There is no ‘spare capacity’ in the private sector that does not damage the NHS
As with ISTCs, instead of recycling funding back into the NHS, private sector profits are leached from the taxpayer’s money, further diminishing the little funding that the NHS operational frontline demonstrably has. Cherry-picked elective referrals pour ‘easy money’ to the private sector, depriving NHS hospitals of much-needed revenue without which the NHS is left to care for the more complicated and sicker patients, who are in hospital for longer with much greater costs to the NHS Hospital’s budget. The private health sector model is inevitably geared to profit extracted from commoditising illness. The public NHS model, when funded, gives cost-effective excellent value for money and good care to as many as it is funded for. Private Health ‘partnerships’ with the NHS, as in the case of ISTCs, are not mutually beneficial and will not live up to the promises. Workforce capacity is a problem in the private sector too, limited mostly by the numbers of Consultant Surgeons and Anaesthetists. NHS Consultant training post numbers remain artificially constrained by Government and in some cases – in Anaesthetics, Core Medical Training, and Neurosurgery – are actually falling, not rising to meet demand. Both funding and staffing for private sector activity are sourced directly from the NHS, inevitably progressively depleting the NHS’ funding and staffing as private activity increases.

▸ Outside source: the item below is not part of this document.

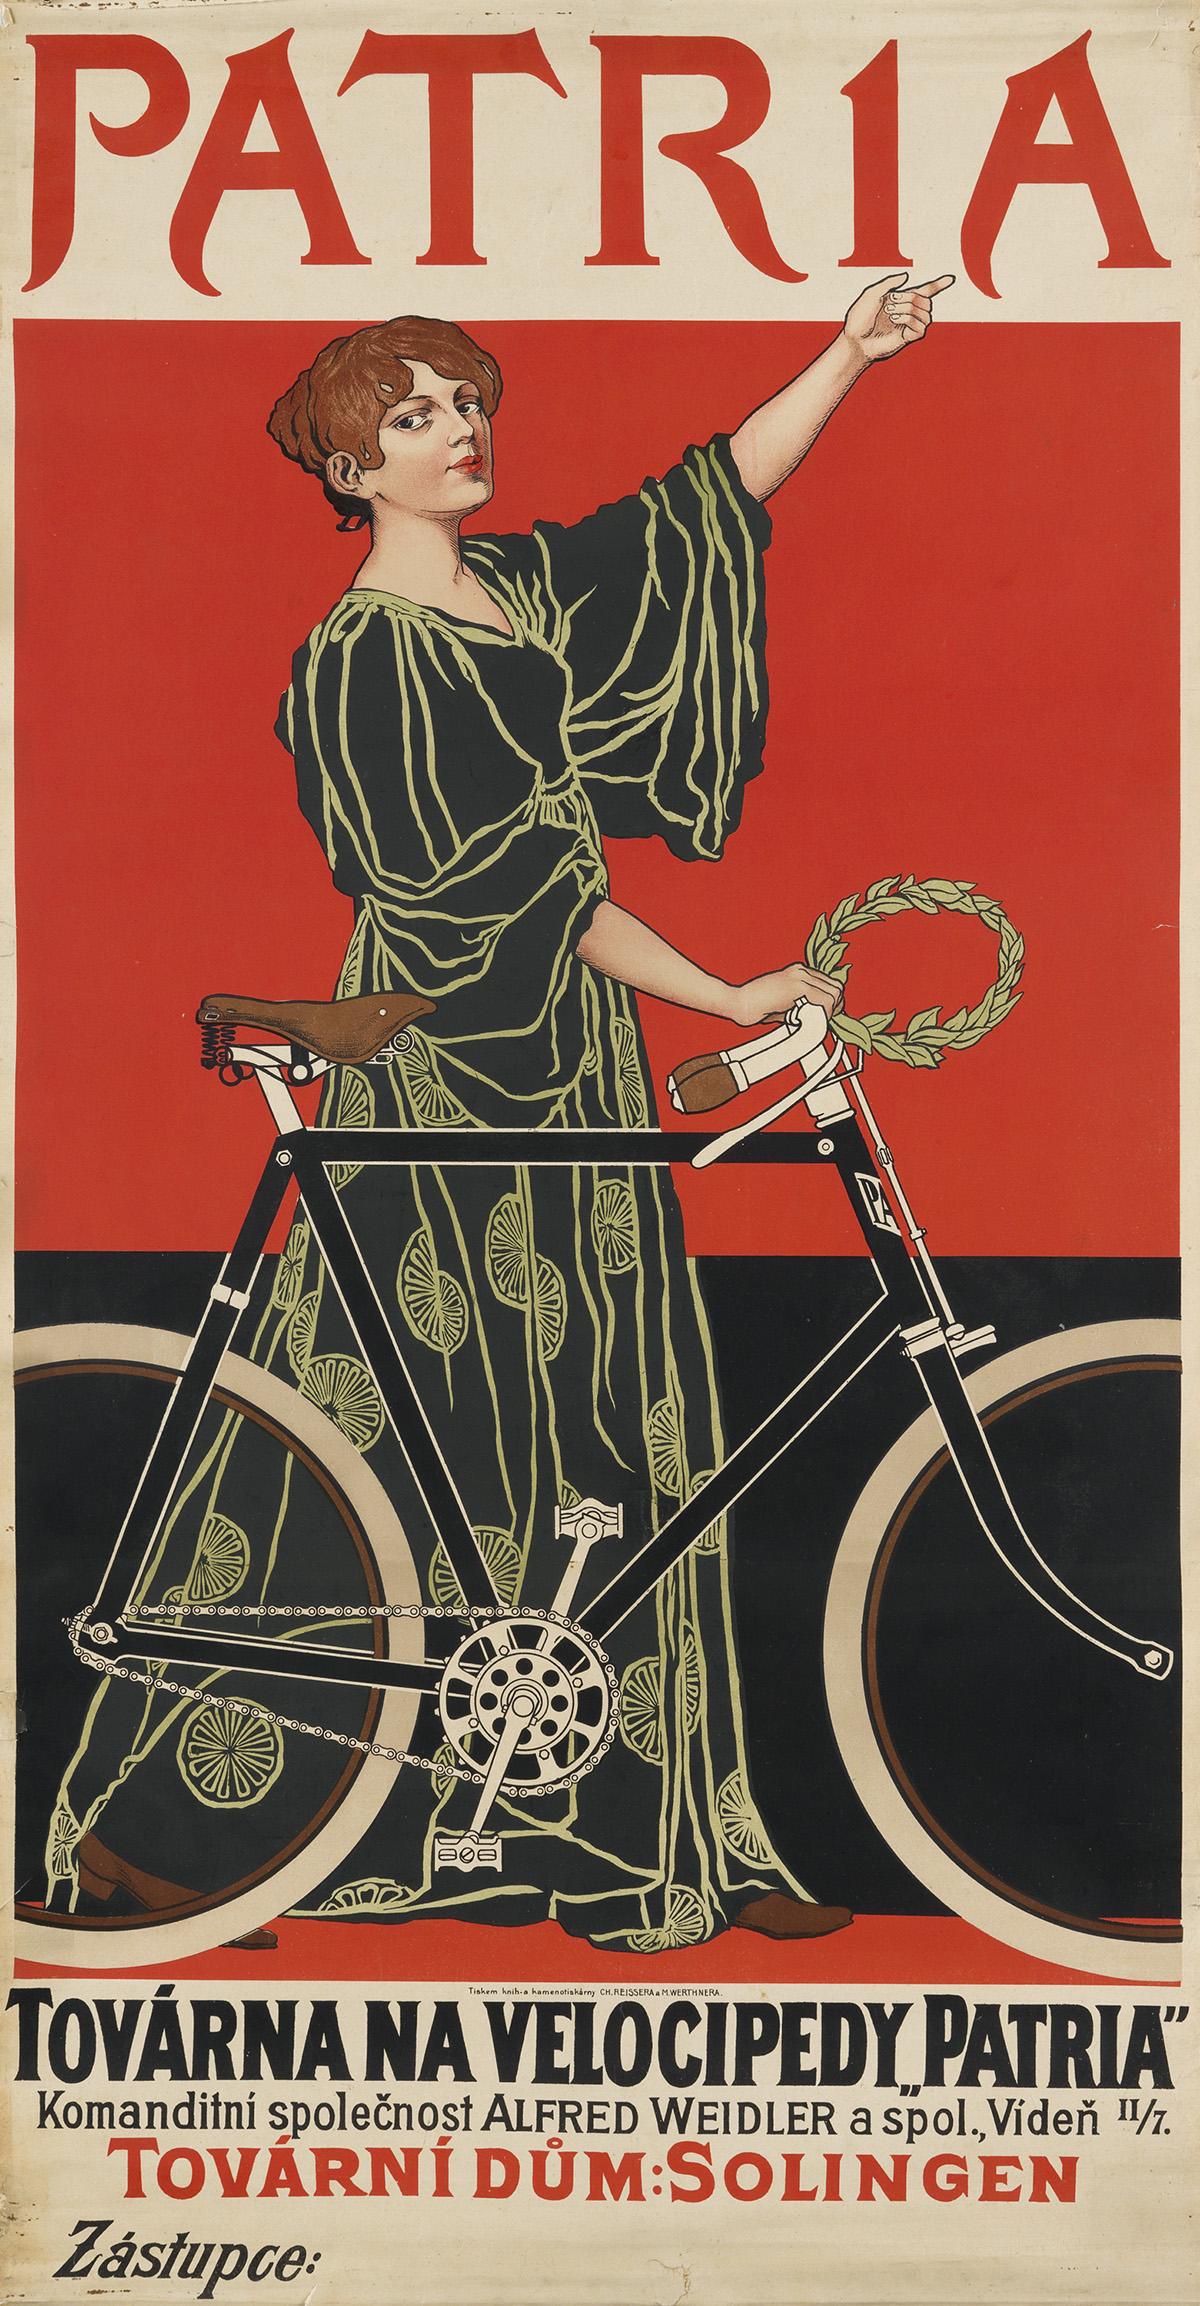 ROBERT-ENGELS-(1866-1926)-PATRIA-1902-36x18-inches-92x46-cm-

Invest in the future, invest in the NHS model
In real terms and on paper, the NHS is a good investment. When the NHS was well-funded, with professional leadership, it provided a genuinely world-leading medical environment of international acclaim; for standards, quality, education, training, and research. The NHS also gives back: The NHS Confederation calculates that for every £1 spent on Health, the economy gains £4. What does the private sector give back?
But thanks to government policies of underfunding and restructuring the NHS, this system no longer exists, and some will wait years before fully understanding the profoundly detrimental effects of the running down, de-professionalisation, corporatisation, and commercialisation of the NHS and its functions. It is not a new strategy, it’s an old playbook: it’s the model of water, energy and rail. The privatised NHS: poorer quality, reduced eligibilities, more expensive – what’s not to like?
The private sector profits from illness while the NHS delivers excellent value for money, without any profit motive: invest in the NHS model, don’t undermine it.